No existe, en neurociencia, la memoria como entidad única, sino que
poseemos varios sistemas interrelacionados de memoria. Hay memoria a corto
plazo y memoria a largo plazo; memoria para los actos automáticos (conducir un
coche) y memoria consciente; memoria para las emociones y memoria para nuestra
historia personal, y muchas más. Cada tipo de memoria sigue su propia
trayectoria en el cerebro. A menudo, esas memorias se entrecruzan. Sucede así,
por ejemplo, cuando escuchamos, mientras conducimos, una vieja canción que nos
resulta entrañable y nos olvidamos de cambiar la marcha.
¿Pueden los estímulos sensoriales despertar recuerdos distintos de los
evocados por las palabras? Medio siglo después del experimento de Nueva York,
David Rubin y sus colegas, de la Universidad Duke, se aprestaron a someter a
prueba experimental varias hipótesis entonces en boga. Los investigadores
presentaron a un grupo de estudiantes quince olores familiares en tres formas:
olores que se ofrecían a la olfacción, imágenes que representaban olores y
textos escritos que describían olores. A los voluntarios se les preguntó cuán
reales les parecían o cuán agradables les resultaban tales estímulos. El
análisis estadístico de las descripciones no reveló diferencias notables entre
las reacciones ante los olores reales, las representaciones o los textos. La
única divergencia estribaba en que los olores reales evocaban con mayor
frecuencia un recuerdo que el sujeto pensaba que había perdido para siempre.

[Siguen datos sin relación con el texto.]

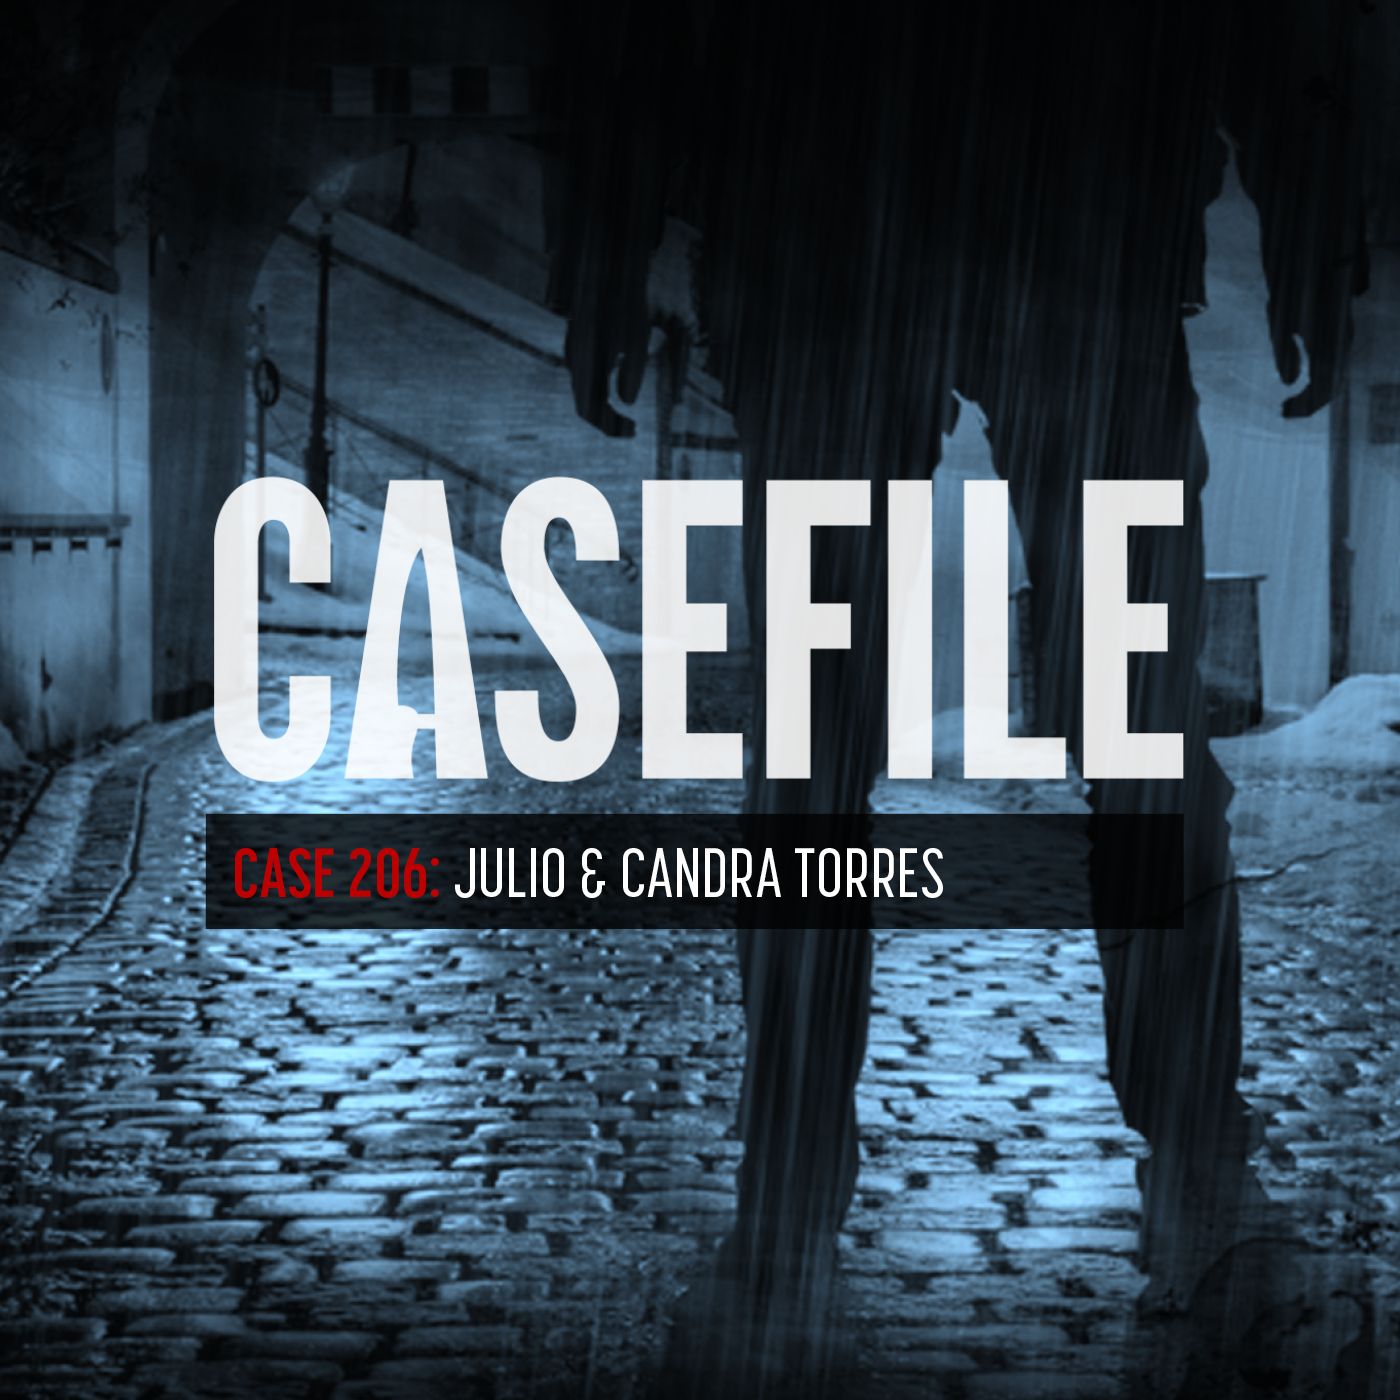 Case 206: Julio & Candra Torres
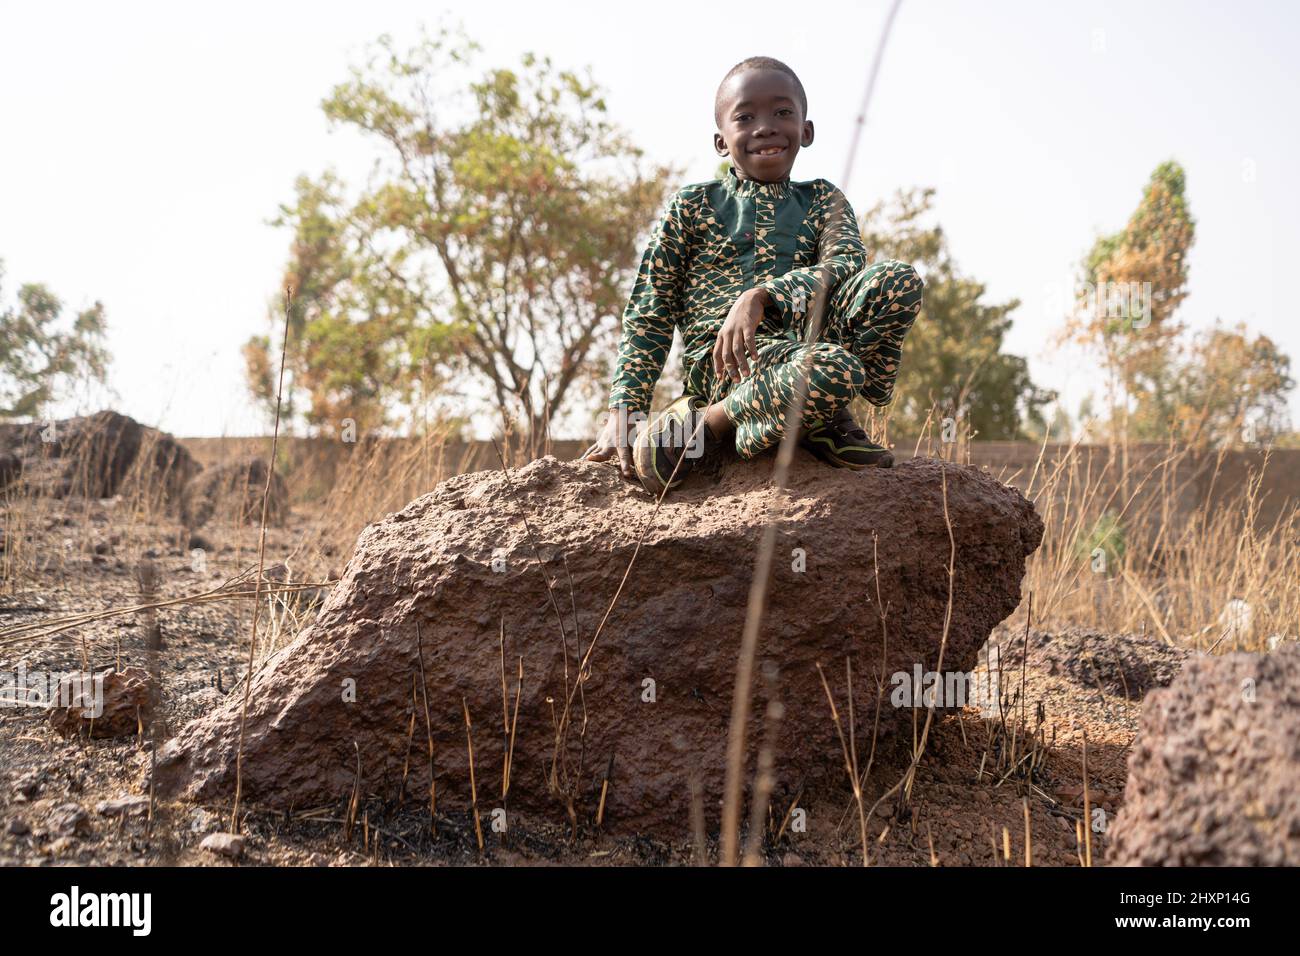 Lindo niño africano con una gran sonrisa sentado en una roca en medio de un páramo degradado y árido; problema ambiental Foto de stock

A finales de los años noventa, Simon Chu y John Joseph Downes, de la
Universidad de Liverpool, descubrieron que el efecto Proust no se hallaba
vinculado a una edad determinada. Visitaron a un grupo de ancianos con un
promedio de edad de 70 años e investigaron sus recuerdos olfativos. A los
probandos se les presentaron dos tipos de estímulos: aromas reales y palabras
relacionadas con un aroma; se solicitó de ellos que describieran los recuerdos
promovidos por los estímulos en cuestión. Anotaron el año del recuerdo
evocado.
Los análisis mostraron que la olfacción de olores reales evocaba unos
recuerdos más antiguos que los evocados por las palabras relacionadas con
aromas: los olores despertaban recuerdos que se remontaban a entre los seis y
los diez años de edad de los sujetos, mientras que las palabras retrotraían el
recuerdo de los once a los veinticinco años. Otros investigadores han sostenido
que los recuerdos infantiles emotivos, en particular los traumáticos, son difíciles
de evocar a través de los textos (relatos, diarios), pero pueden despertarse
utilizando claves situacionales, como las percepciones y sensaciones del
entorno.
¿Por qué
perdemos los recuerdos de nuestra infancia? Para la mayoría de los adultos, la
edad de los primeros recuerdos se reseña en torno a los tres años, aunque hay
diferencias muy pronunciadas entre unos individuos y otros. El número de
recuerdos de los siete primeros años es menor de lo que cabría suponer de una
erosión normal, lo que significa que se produce una tasa acelerada de olvido
por lo menos hasta los once años. ¿Difieren de las memorias verbales las
memorias sensoriales? Rachel Herz y su equipo, de la Universidad Brown,
acometieron, a comienzos de los noventa, una serie de experimentos en los que
demostraron que los recuerdos olfativos no eran verbales. Solicitaron a los
voluntarios que oliesen diferentes aromas y describieran los recuerdos que
estos desencadenaban. En un tercio de los casos, los voluntarios se mostraron
incapaces de verbalizar el aroma.
Sensaciones y sentidos evocan, de forma enérgica y emotiva, recuerdos de
nuestro pasado. Las emociones liberadas pueden ser positivas (placer y
felicidad) o negativas (miedos y aversiones). El sabor o el gusto de un dulce
desencadenan una respuesta muy intensa que nos devuelve a la infancia; una
balada que creíamos olvidada nos transporta a la adolescencia. Los recuerdos
sensoriales afectan a todos los sentidos. Un sonido, un paisaje o un suave
rozamiento pueden evocarnos experiencias intensas de nuestra historia vivida.